In any case, there is absolutely no reason, therefore, why a quietus should not be provided to the shibboleth of Nepal being located entirely south of the Himalayas!
Another seemingly innocuous but outdated claim is that India is culturally, racially or otherwise close to the Madeshis, or people of the Nepal Tarai. That may be true.
Yet, because it is repeated endlessly in Indian political commentary – while the corresponding fact of a similarly close affinity between the Nepali people of the northern belt with Tibet/China is deliberately ignored or underplayed – it creates not only a serious distortion about the diversity in Nepal’s population but leads to all manner of policy complications, including those affecting Nepal-India relations.
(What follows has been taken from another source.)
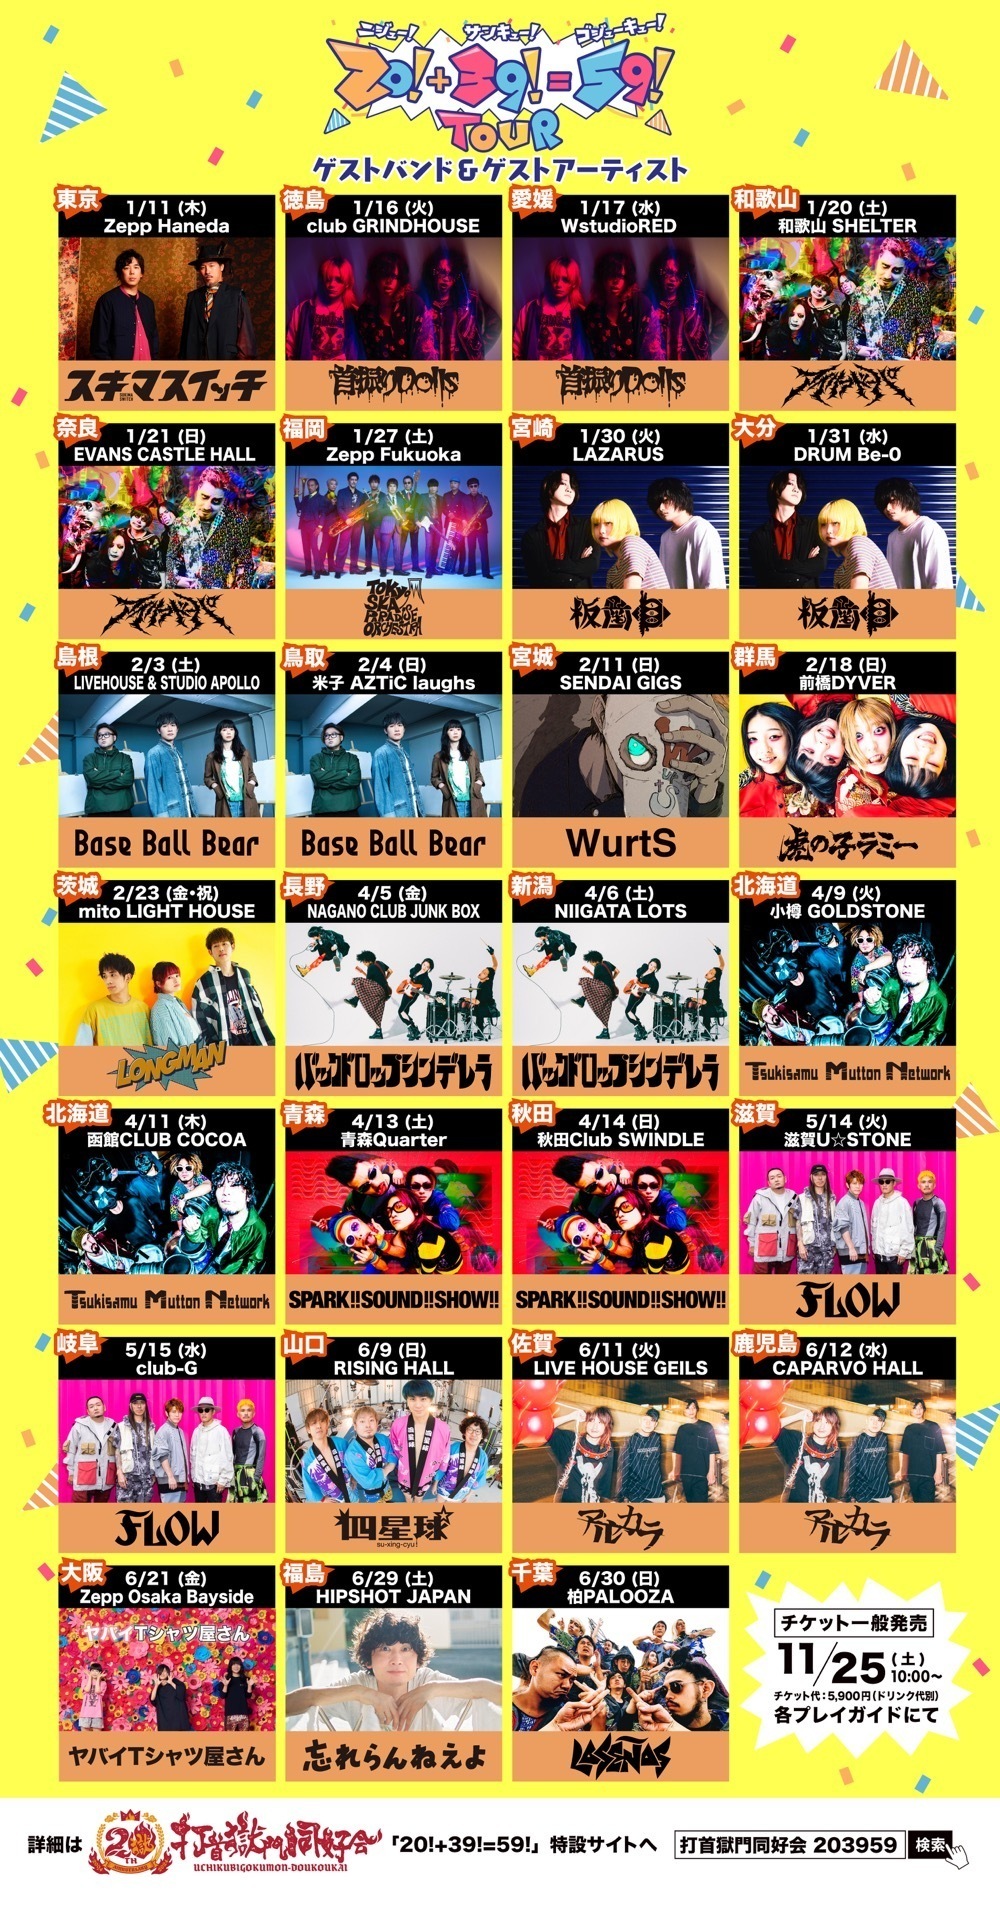 打首獄門同好会 ”20!+39!=59! TOUR” ＠秋田Club SWINDLE | SPARK

If Nepal is not located only south of the Himalayas, there is scant doubt about the enormous significance for her, across a variety of fronts, of that majestic mountain range. Indeed, here is a reality, connected to the Himalayas, that is largely unknown.
As Harka Gurung, Nepal pre-eminent geographer, has claimed: “But for the transport of vast quantities of sand and silt by Himalayan rivers over millions of years, there would be no Gangetic plain.”
Other important and revealing perspectives that Gurung provides are: “Although Neolithic people of Austro-Munda type might have roamed in the foothills, the peopling of the Himalayas was basically the outcome of successive waves of migration of Monogoloids from the north-east and the Caucasoids from the south-west.
“The epicentre of the Mongoloid group was in the Sechuan-Yunnan plateau (in China) while that of the Caucasoids was in the Central Asian steppe…The first migration is said to have taken place about 2,000 BC., with the Aryan invasion of India, along the Tsangpo-corridor into Tibet…The Sherpas of Khumbu, for example, emigrated from Tibet as late as the 16th century…
“With conquerors and colonisers also came religion: Brahmanism across the ‘malarial moat’ to the south, Lamaism from the north and Islam from the west…Even higher religion exchanged distant symbols whereby conch shells from the Indian Ocean reverberated in Tibetan gombas and yak-tails served as fly whisks in Hindu temples.”
The most essential truism is that Nepal, largely because of its location between India and China, is imbued with geopolitical, cultural, religious and ethnic characteristics that are similar to those two civilizations.
Hence, any attempt to link her to just one, rather than both, will be unfair, inaccurate and bound to fail. In other words, the crucial element of balance in Nepal’s foreign policy is a perfectly natural, and not a contrived, outcome. Those dealing with her would do well to keep that in mind.